AI chat tools test new ground in therapy as clinicians assess risks & benefits
As AI chat tools move deeper into mental health care, psychologists are weighing the promise of round-the-clock support against concerns about safety, bias, and the limits of algorithmic empathy.
Lyra Health, a provider of mental health solutions, is piloting AI chat functions to customers experiencing mild and moderate challenges like burnout, sleep, and stress. Users get support from a conversational AI guide, which has a risk-flagging system built in to identify situations requiring escalation to Lyra’s 24/7 care team.
Alethea Varra, Ph.D., chief clinical officer of Lyra, said patients currently under the care of Lyra providers have access to the AI solution, to support care between sessions. Providers can see transcripts of the AI conversations, to help identify concerns or challenges.
“We want to make sure patients are utilizing the AI in a way that is helpful and productive,” said Varra. “Any time there is any reason for concern, individuals are directed straight to human clinicians, who reach out to make sure the individual is safe and do an assessment to see if a higher level of care is needed.”
The company describes the solution as “clinical grade,” a term Varra said the company created to distinguish it from other AI tools that were not built with input from clinicians and not specifically intended for mental health use. “All of our AI has been designed by clinicians in partnership with engineers trained on clinical inputs, and our tool is HIPAA compliant.”
Vaile Wright, Ph.D., senior director of health care innovation at the American Psychological Association (APA), noted there is a significant difference between AIs that are purpose-fitted for mental health and general large language models (LLMs) such as ChatGPT, which are engineered for maximum user engagement.
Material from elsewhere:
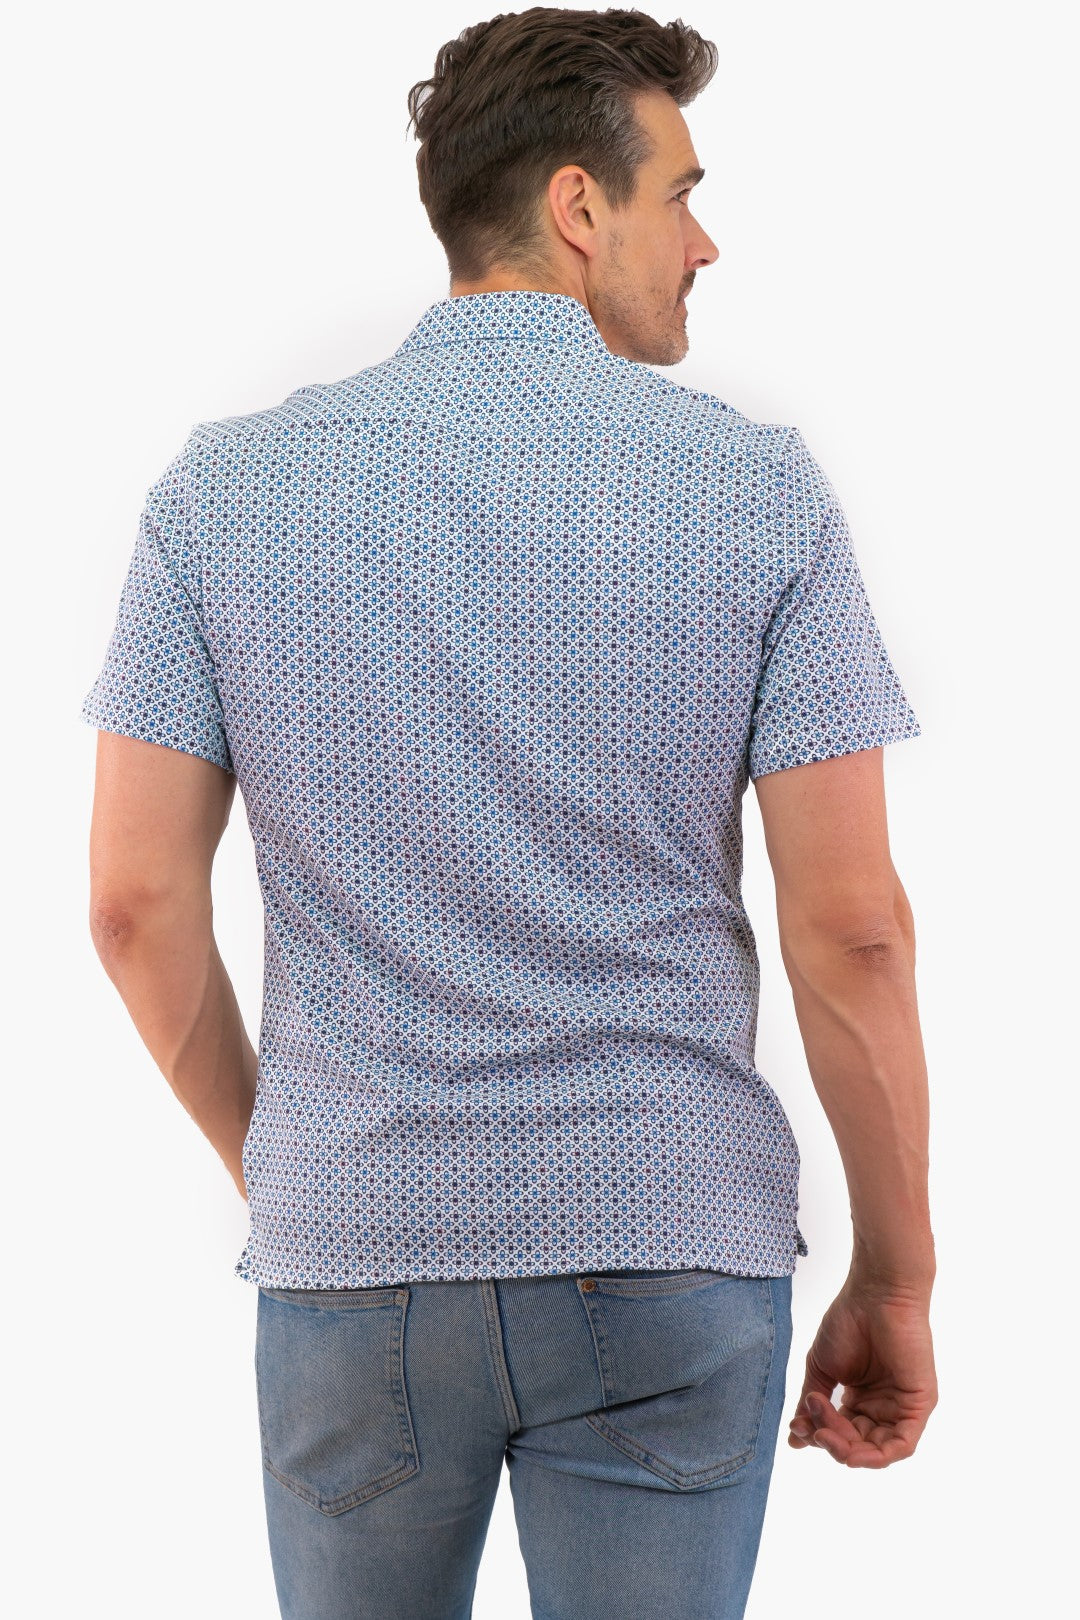 Hörst Short Sleeve Shirt in Blue color (Off-Hrss241764-400)

“Their algorithm is trained to be agreeable and validate the user input unconditionally. That sycophancy bias can create a sense of emotional dependency,” said Wright, noting there are currently no federal regulations regarding AI chatbots for mental health.
“You get this kind of dangerous feedback loop where the user says something that may be cognitive distortion and the algorithm reinforces it, instead of providing some degree of a necessary challenge like a therapist.”

Jacque Cutillo, Ph.D., director of specialized operations at Youth Villages, a Massachusetts non-profit organization that provides mental and behavioral health services for at-risk youth and families.
There are aspects of mental health care that simply can’t be replaced by a chatbot, said Jacque Cutillo, Ph.D., director of specialized operations at Youth Villages, a Massachusetts non-profit organization that provides mental and behavioral health services for at-risk youth and families.
“A trained, qualified professional can pick up on nonverbal cues, changes, how transparent someone is being, or even just a side comment that indicates a need for [follow-up], more so than a chatbot just reading words,” Cutillo said. “My biggest concern is that it can’t take the place of a skilled, trained provider that has gone through a lot of supervision, work hours, and education.”
Both Cutillo and Wright agreed that, when used appropriately, AI could be useful as a fill-in tool between sessions, particularly if providers were able to share the client’s treatment plan with a HIPAA compliant AI.
“If you have a panic attack at three in the morning and can’t access traditional services, a chatbot can help you address that immediate concern, before you can seek out a therapist,” said Wright.
A trusted tool could help mental health providers reinforce positive, healthy coping skills, she continued. “It could reinforce the messages from therapy and help people feel not so alone,” she said, noting that the tool would need to not only be properly built, but continually kept up to date.
“How is it maintained post-market? Where are the humans in the loop after it’s been deployed?” Wright said. “What are you doing to ensure safety and efficacy?”
According to the APA’s annual Practitioner Pulse Survey, 56% of psychologists reported using AI tools in their work at least once in the past 12 months, up from 29% in 2024. Close to three in 10 psychologists (29%) said they used AI on at least a monthly basis, more than double who did so in 2024 (11%).
But that doesn’t mean psychologists don’t have concerns. More than nine in 10 cited potential risks, including potential data breaches (67%), unanticipated social harms (64%), biases in input and output (63%), lack of rigorous testing (61%), and inaccurate output or “hallucinations” (60%).
Only 8% said they used it to assist with clinical diagnosis, and only 5% had used chatbot assistance for patients or clients. The most common uses reported were for routine time-consuming tasks such as drafting emails and other materials (52%), summarizing clinical notes or articles (32%), and note-taking (22%).
While the Lyra AI chat tool is being tested to see how it performs in different settings with different types of patients, it is only available to patients working with a therapist.
“We’re not ruling out that we would never consider offering the tool to patients not in care with a therapist, but we are very thoughtful and conservative of how we are integrating AI into our care,” said Varra. “We want to make sure that the technology is functioning as intended and always supporting individuals with positive clinical outcomes.”